The torch package contains not only the data structures for **multi-dimensional arrays** but also defines mathematical operations over these tensors. Additionally, it provides many utilities for efficient serializing of Tensors and arbitrary types, and other useful utilities.

### PyTorch tensor vs. NumPy array

What is the difference between numpy array and pytorch tensor?

1. The numpy arrays are the core functionality of the numpy package designed to support faster mathematical operations. Pytorch tensors are similar to numpy arrays, but can also be operated on CUDA-capable Nvidia GPU.
   
   
2. Numpy arrays are mainly used in typical machine learning algorithms. Pytorch tensors are mainly used in deep learning which requires heavy matrix computation.

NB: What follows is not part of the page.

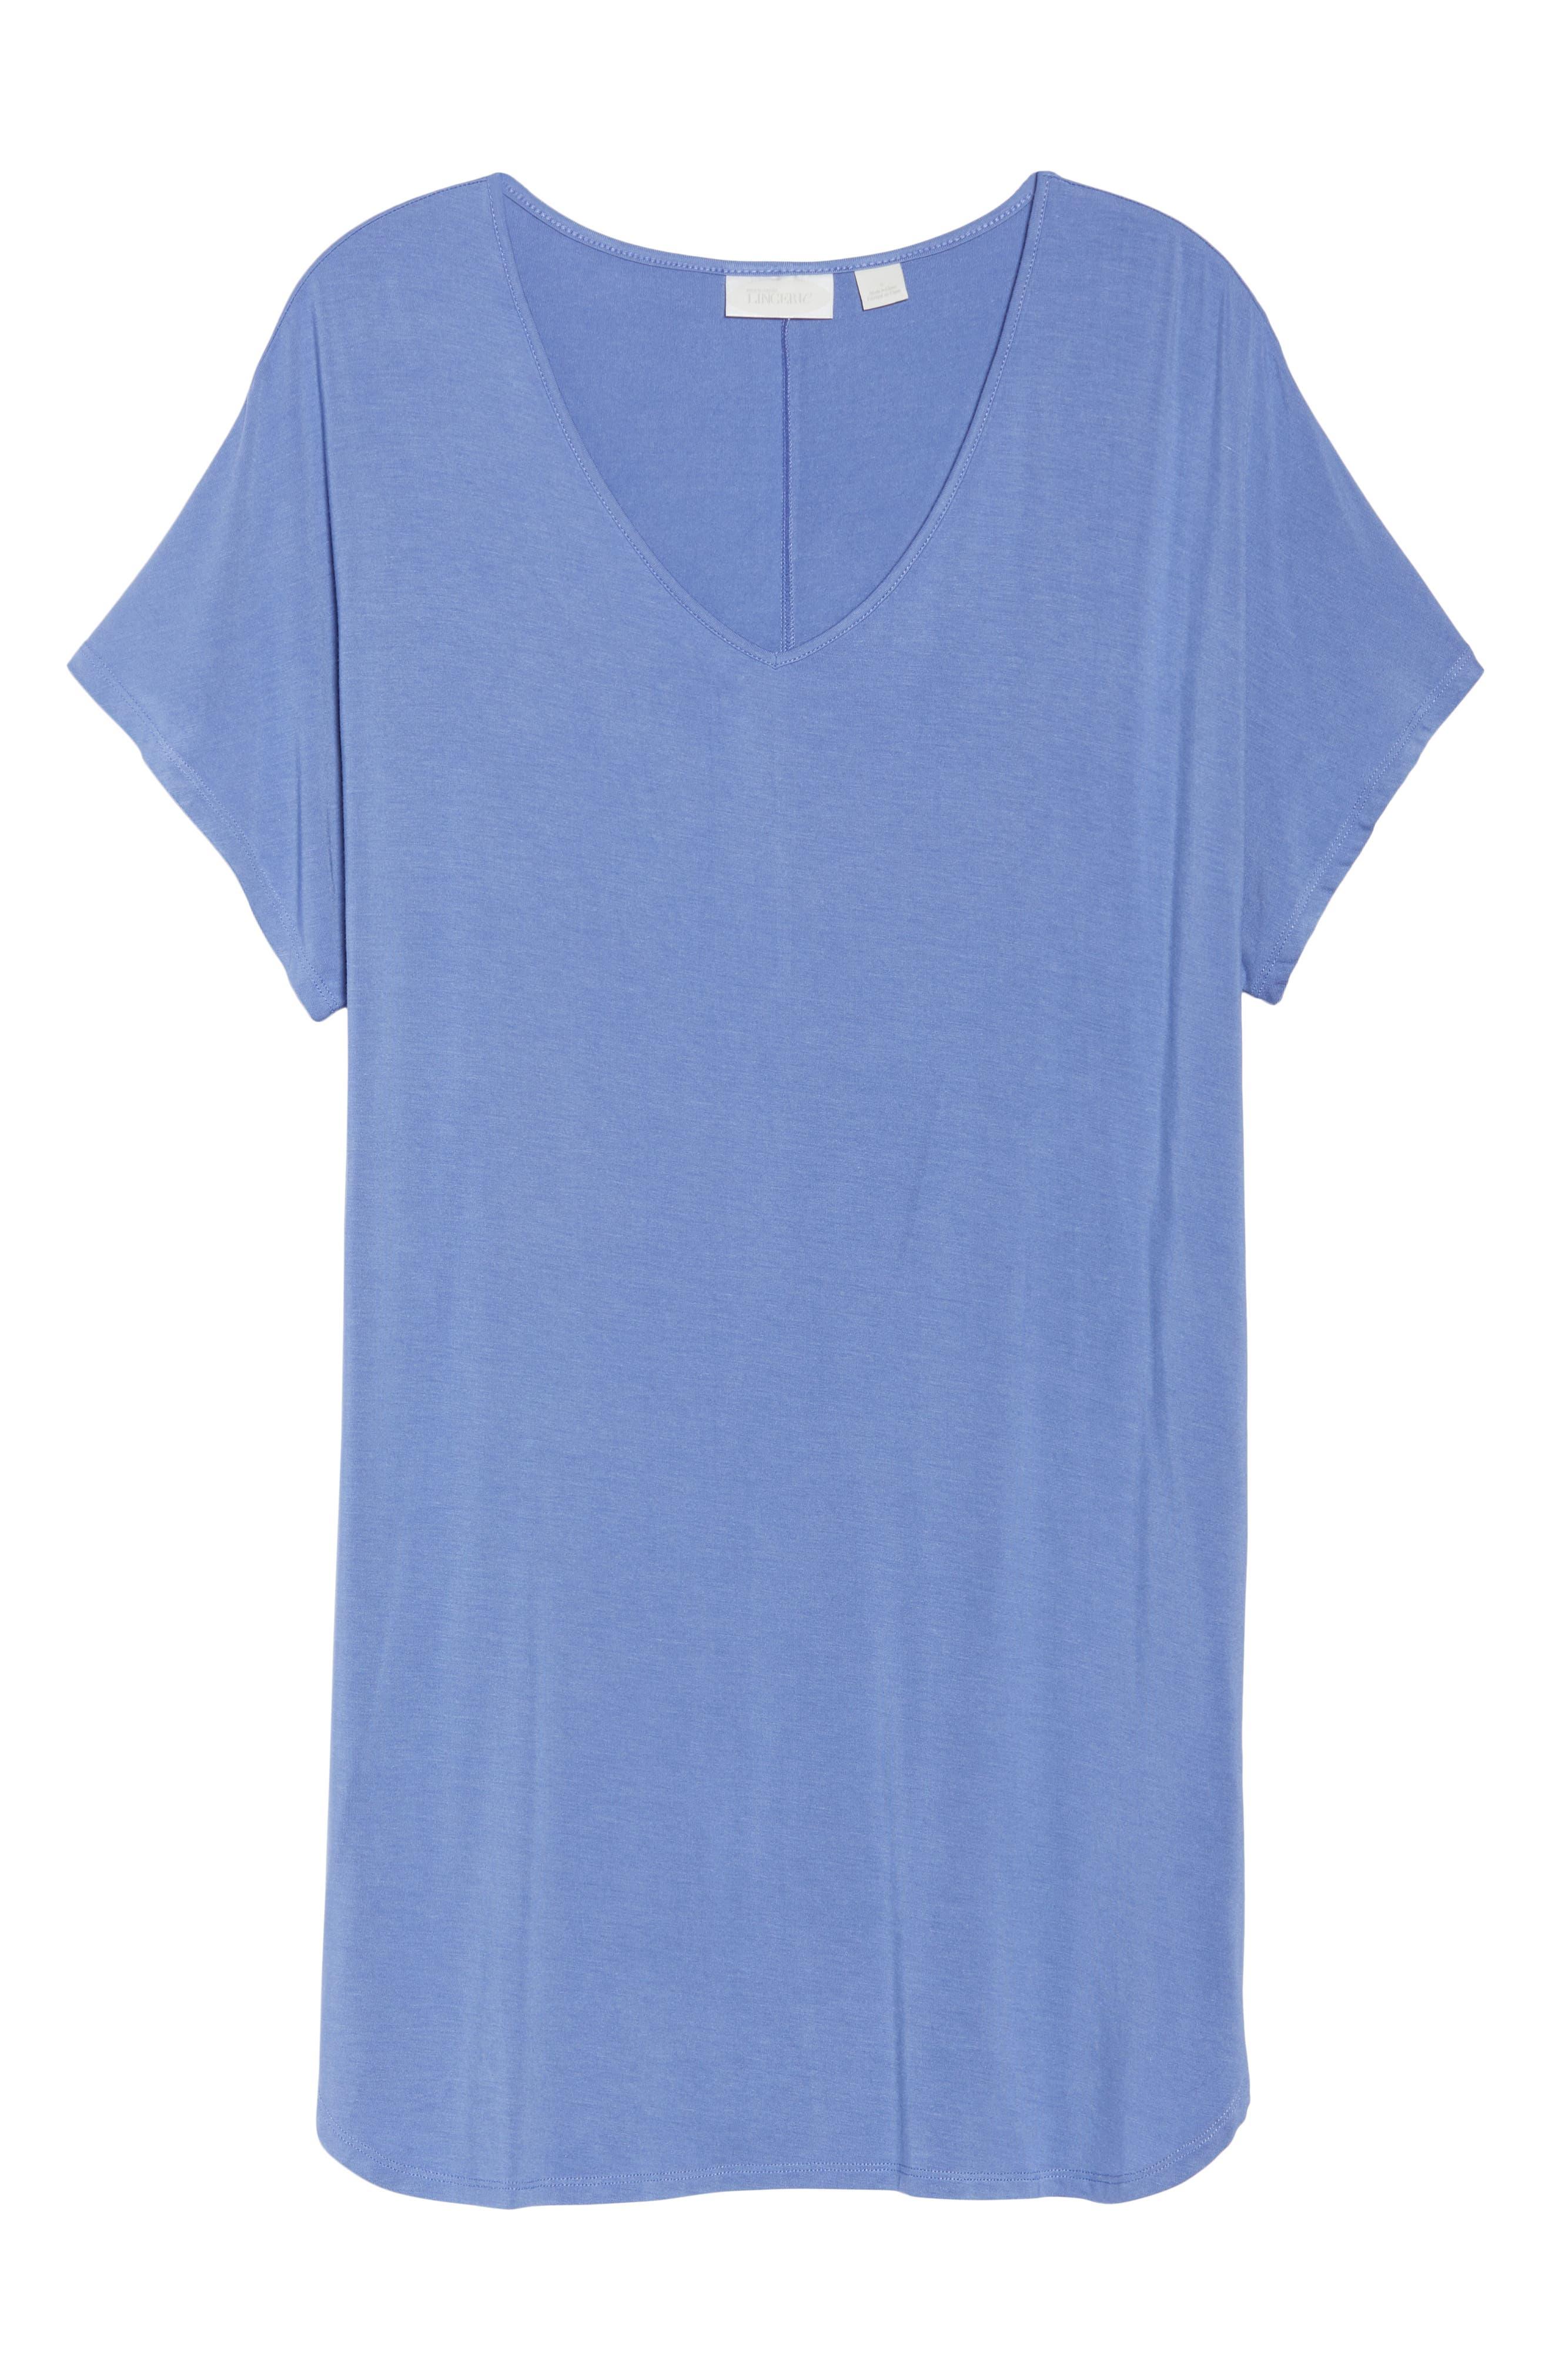 Dolman Sleeve Nightshirt,                             Alternate thumbnail 6, color,                             Blue Denim

3. Unlike numpy arrays, while creating pytorch tensor, it also accepts two other arguments called the device_type (whether the computation happens on CPU or GPU) and the requires_grad (which is used to compute the derivatives).

### PyTorch API

The PyTorch API establish a few directions on where to find things in the documentation (https://pytorch.org/docs/stable/index.html). 

**Topics covered**: 

    1. What is the difference between numpy array and pytorch tensor?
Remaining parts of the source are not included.